Book Review: The Enemy I Knew - German Jews in the Allied Military in World War II

Karras, Steve
Zenith Press, 2009


As a historian of modern European history I should know better than to assume that there are any topics - even the well-traveled fields of World War II and the Holocaust - that no longer offer opportunities for new contributions. Yet I admit I was pleasantly surprised to discover that the The Enemy I Knew covers a relatively untapped source of information, in this case the oral history of Jews who served in Allied units during the Second World War.

This text presents 27 first-person accounts from Jewish soldiers who served in combat roles against Hitler's Wermacht. Some of the narratives are based upon personal interviews that Karras conducted with the veterans between 1999 and 2002 in preparation for his documentary About Face, while others have been collected from previously unpublished sources.

Karras noted that the interviews led him away from his original premise, which was the idea that the Jewish soldiers in Allied military units took up arms out of a sense of revenge. Instead, the author found that many of these individuals became motivated after "their national identity was taken away and they became hate objects and then refugees" under the regime of the Third Reich. Fighting for American and British objectives allowed these soldiers to regain a sense of individual purpose and political coherence after being stripped of identity in Nazi Germany.

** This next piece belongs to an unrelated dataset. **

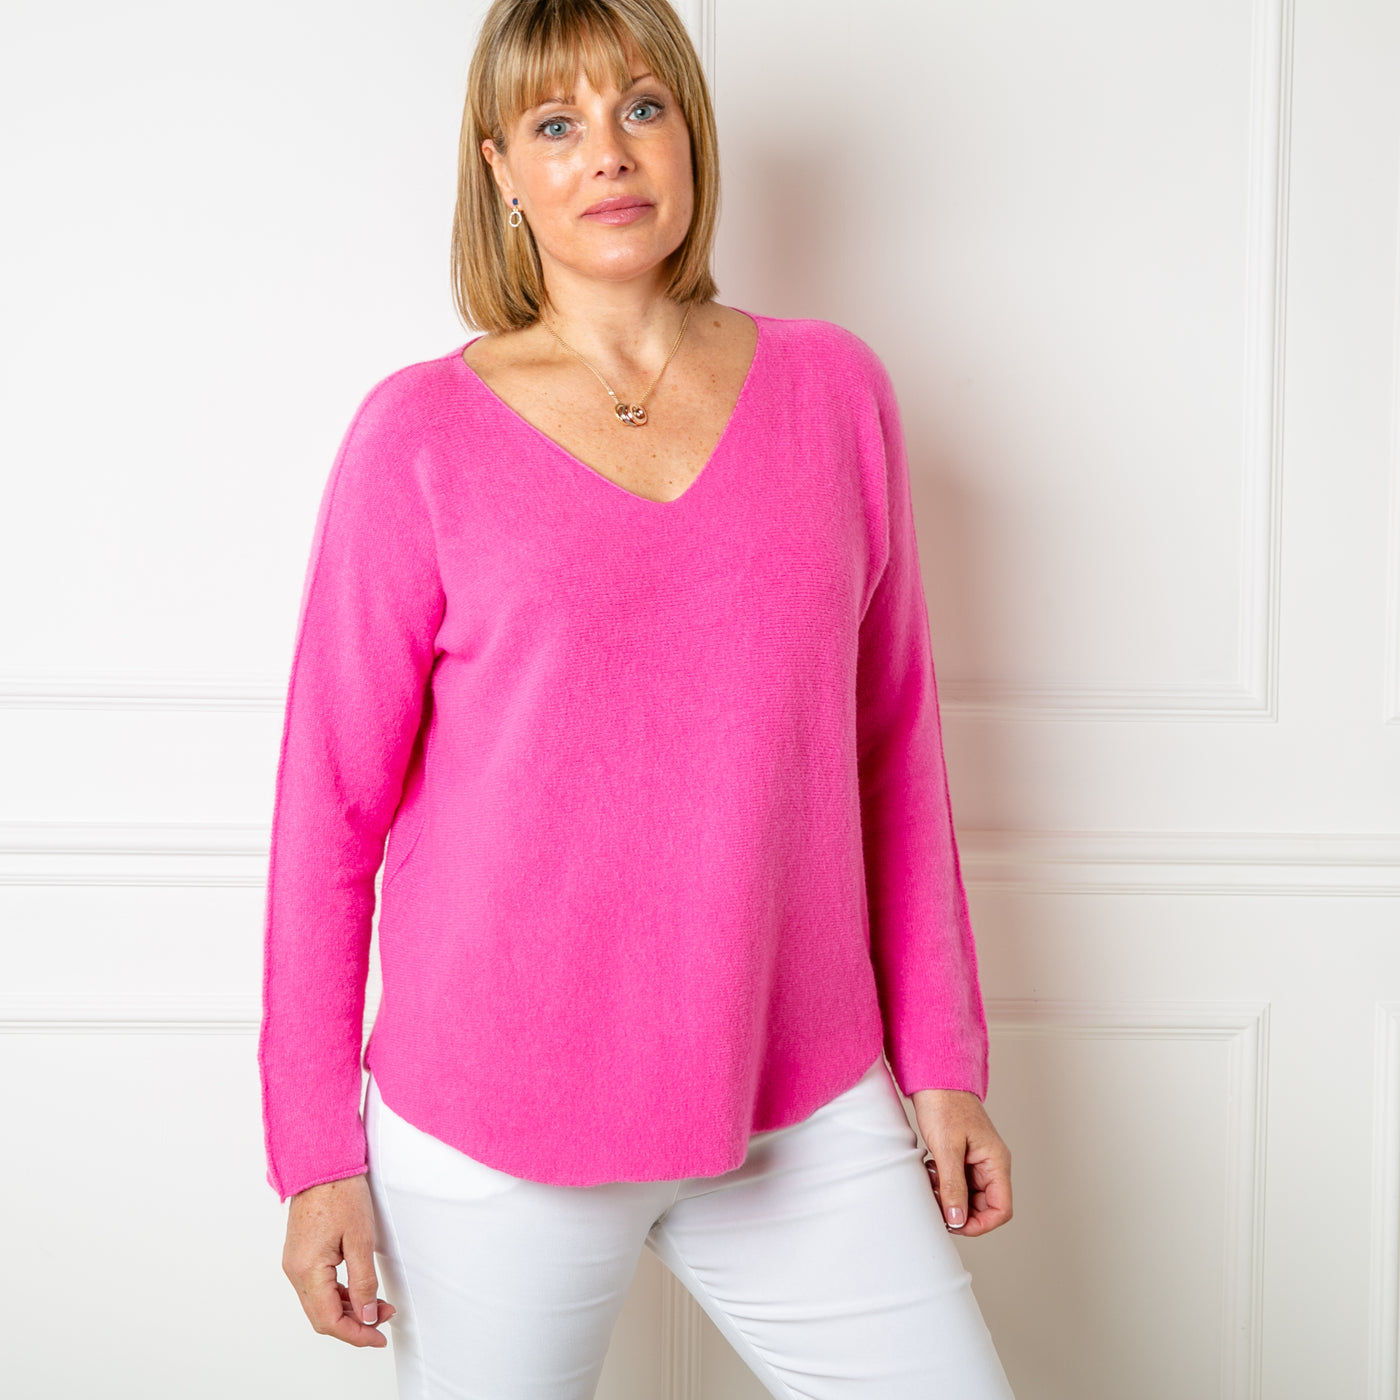 The fuchsia pink Soft V Neck Jumper with long sleeves and statement seam detailing from the shoulder down

There are many haunting memories in the book, such as Eric Hamberg's recollection of Kristallnacht:
The night of Kristallnacht I was very sick, but I remember going to the balcony and looking down, and across the street was a Jewish store. They destroyed the store, they broke the windows, and they threw everything out in the street. The brown-shirted SA men went up to our neighbor's apartment on the second floor and took that nice family's bedding, threw it all out into the street, and set it all on fire. I saw people laughing and dancing and being so happy that the Jews were getting something that they didn't expect.
The Enemy I Knew is an important contribution to the literature of the Holocaust and the Second World War, and I recommend the book to scholars and general readers alike. The book contains quite a few fascinating images not previously published, and readers will gain a much greater sense of this form of Jewish resistance to Nazi efforts to exterminate Jews and their culture.